Nigeria’s oil and gas regulator has revoked four licences held by Addax Petroleum, it said in a statement on Wednesday, a highly unusual move for licences with producing assets.
Department of Petroleum Resources director Sarki Auwalu said in a post on the DPR website that Addax was not developing the assets sufficiently.
A DPR spokesman said the licences had already been re-awarded to Kaztec Engineering Limited and Salvic Petroleum Resources Limited.
Two Addax representatives in Nigeria did not immediately respond to messages on LinkedIn seeking comment.

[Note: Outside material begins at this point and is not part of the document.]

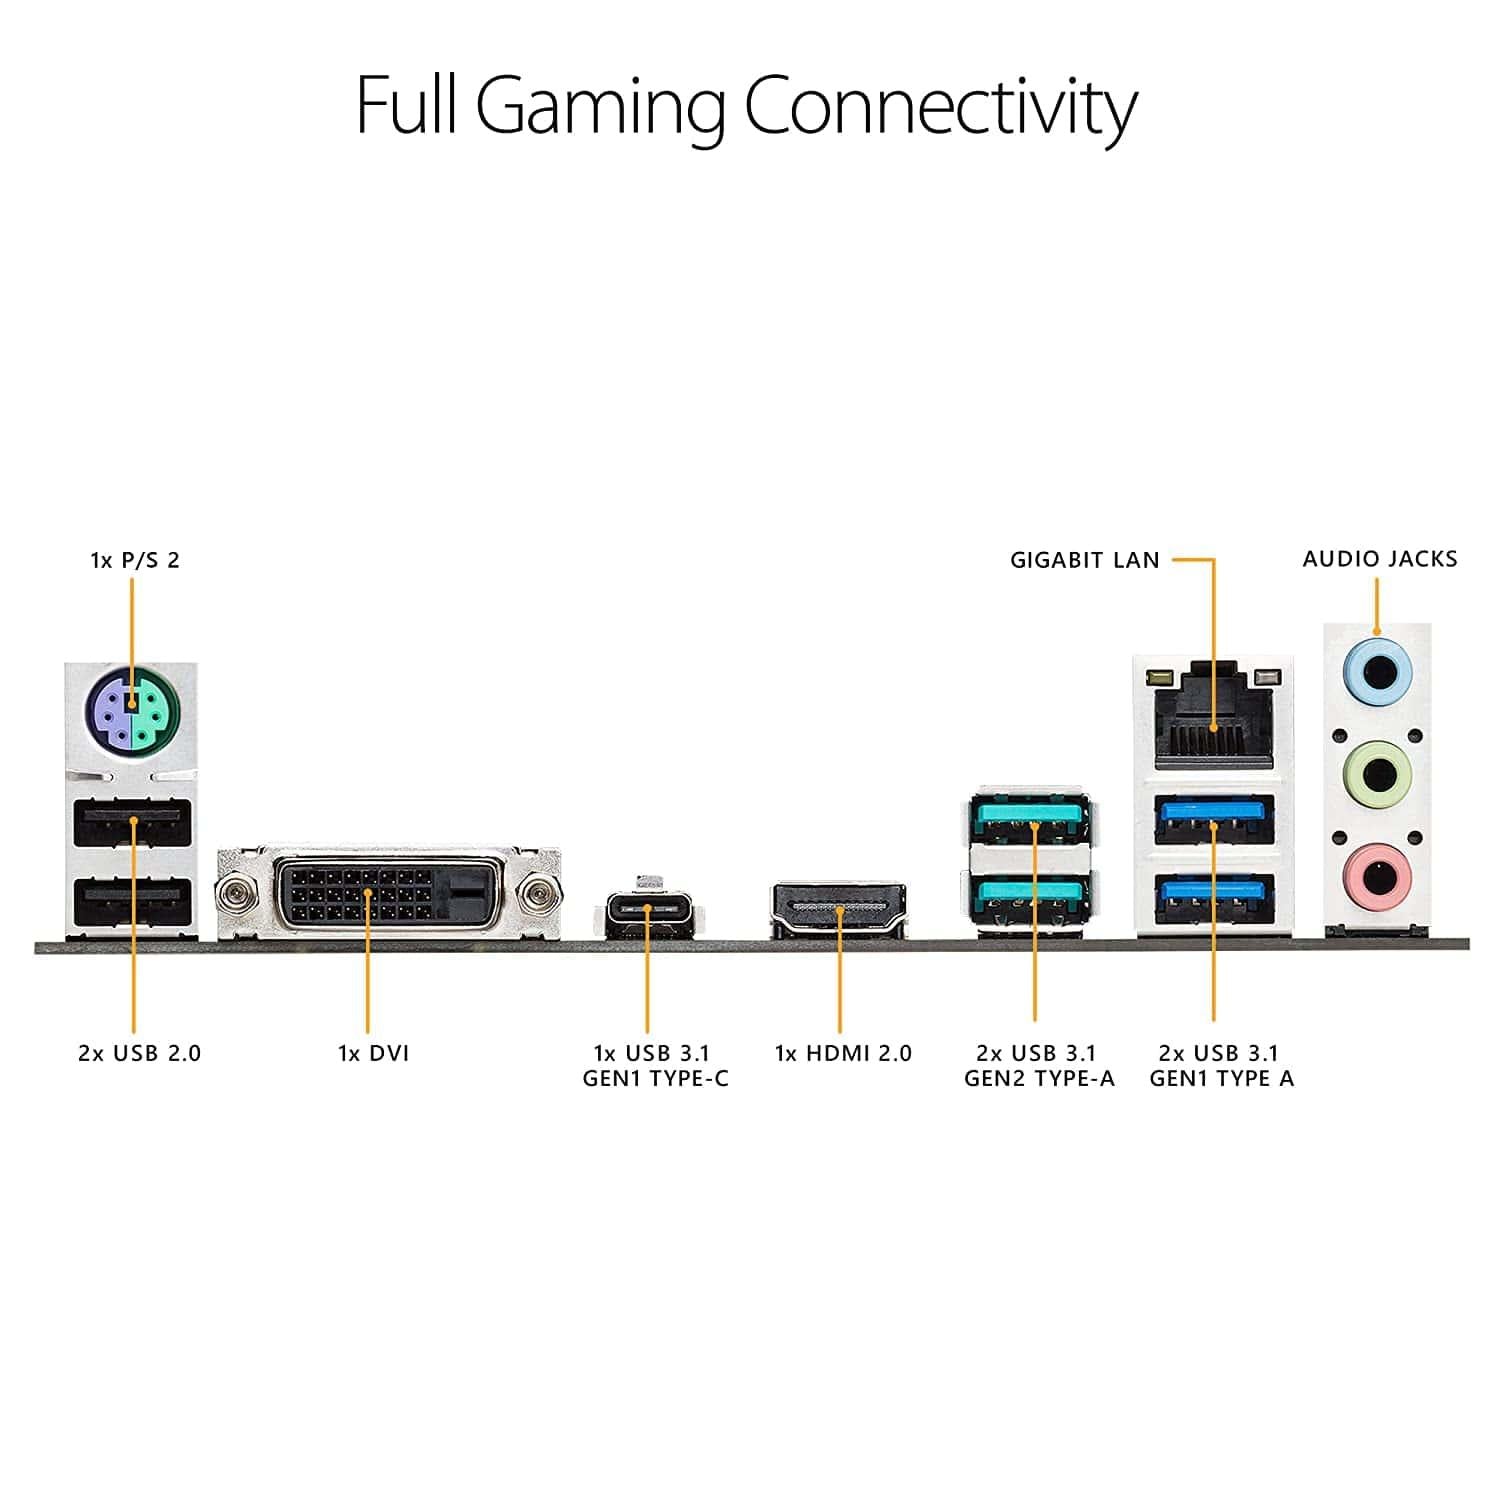 Asus TUF B450 Plus Gaming Motherboard-Mother Boards-dealsplant

Addax is owned by China’s Sinopec Group. Of the four revoked assets, OML 123, OML 124, OML 126 and OML 137, three have producing fields, Addax’s website says.
Addax said it had 11 fields with 80 production wells in OML 123, two fields with 15 producing wells in OML 124 and two fields with 17 production wells in concession OML 126.
DPR has the authority to revoke licences when the holder is not meeting its agreement to invest in and develop them, but moves last year to revoke 11 marginal oilfield licences resulted in at least two court challenges. DPR is also typically required to prove that the company is not developing the assets as agreed.
Auwalu, who visited Addax as recently as September last year, said over 50% of the assets were underdeveloped, which he said said cost the government lost revenue.
Gas from Addax was also expected to feed an ill-fated P&ID gas processing plant. P&ID is fighting to enforce an arbitration award against the Nigerian government worth nearly $10 billion over the collapse of the deal, and it never built the gas plant.